1. I have to find how many squares are in a figure. There are 9 squares. How do i go about solving the problem?
Not quite sure whether you mean a square measuring 3 by 3 squares or a square measuring 9 squares on each side. Either way, the following will enable you to determine the total number of squares within a given square disected figure, such as a chessboard.

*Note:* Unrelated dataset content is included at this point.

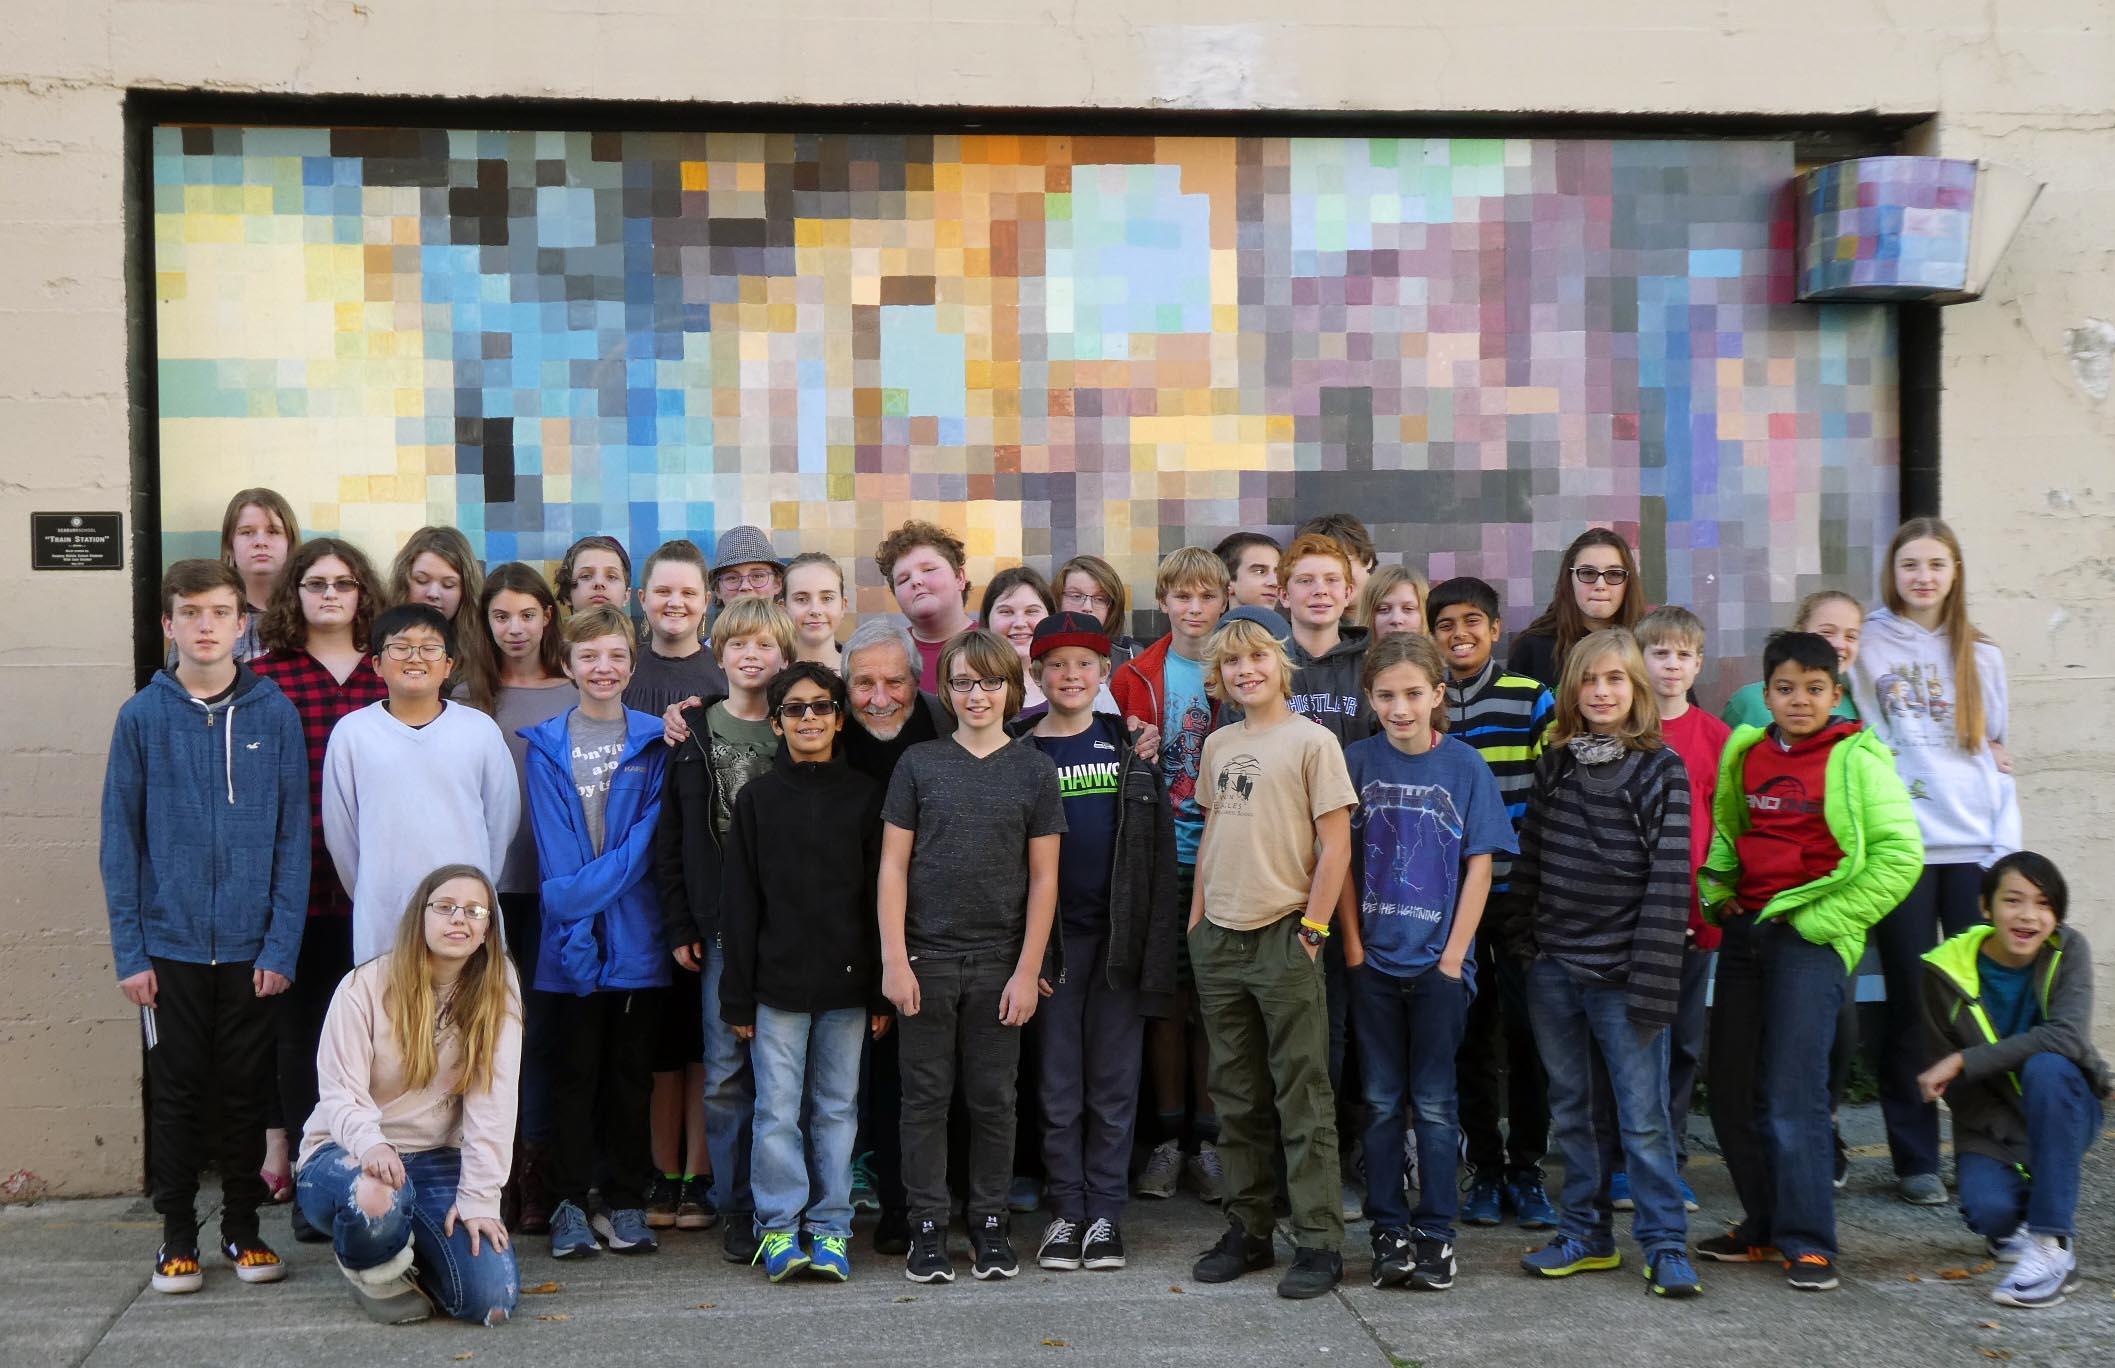 Seabury Middle School, Tacoma, WA – October 16, 2017 (PM

If you determine the number of squares on smaller boards starting with one square you will readily discover a pattern that leads to a simple formula for a board of any number of squares.
A one square board obviously has only one square.
A 2x2 square board has 5 squares, the 4 basic ones and the one large 2x2 one.
A 3x3 square board has 14 squares, the smaller 9 plus 4 2x2's plus 1 3x3 one.
A 4x4 square board has 30 squares, the smaller 16 plus 9 3x3's, plus 4 2x2's plus 1 4x4 one.
Are you beginning to see the pattern?
1x1 - 1^2 = 1
2x2 - 2^2 + 1^2 = 5.
3x3 - 3^2 + 2^2 + 1^2 = 14.
4x4 - 4^2 + 3^2 + 2^2 + 1^2 = 30.
5x5 - 5^2 + 4^2 + 3^2 + 2^2 + 1^1 = 55.

What would your guess be for the number of squares on an 8x8 board? Can you derive a general expression for the answer? If not, see below.

Let N = the total number of squares in a square of nxn squares. Then

N = n^2 + (n-1)^2 + (n-2)^2................(n-n+1)^2 = n(n + 1)(2n + 1)/6

So for the typical chess board problem with 8x8 squares, the total number of definable squares is

N = 8^2 + 7^2 + 6^2 + 5^2 = 4^2 + 3^2 + 2^2 + 1^2 = 8(9)(16+1)/6 = 204.


2. If you raise 3 to the 324th power, what is the units digits of the result?

calculating the first 8 cubes of 3 you will find that the units digit repeats in the pattern of 3-9-7-1-3-9-7-1-etc.

Therefore, 324/4 = 81 meaning that the units digt of 3^324 is 1.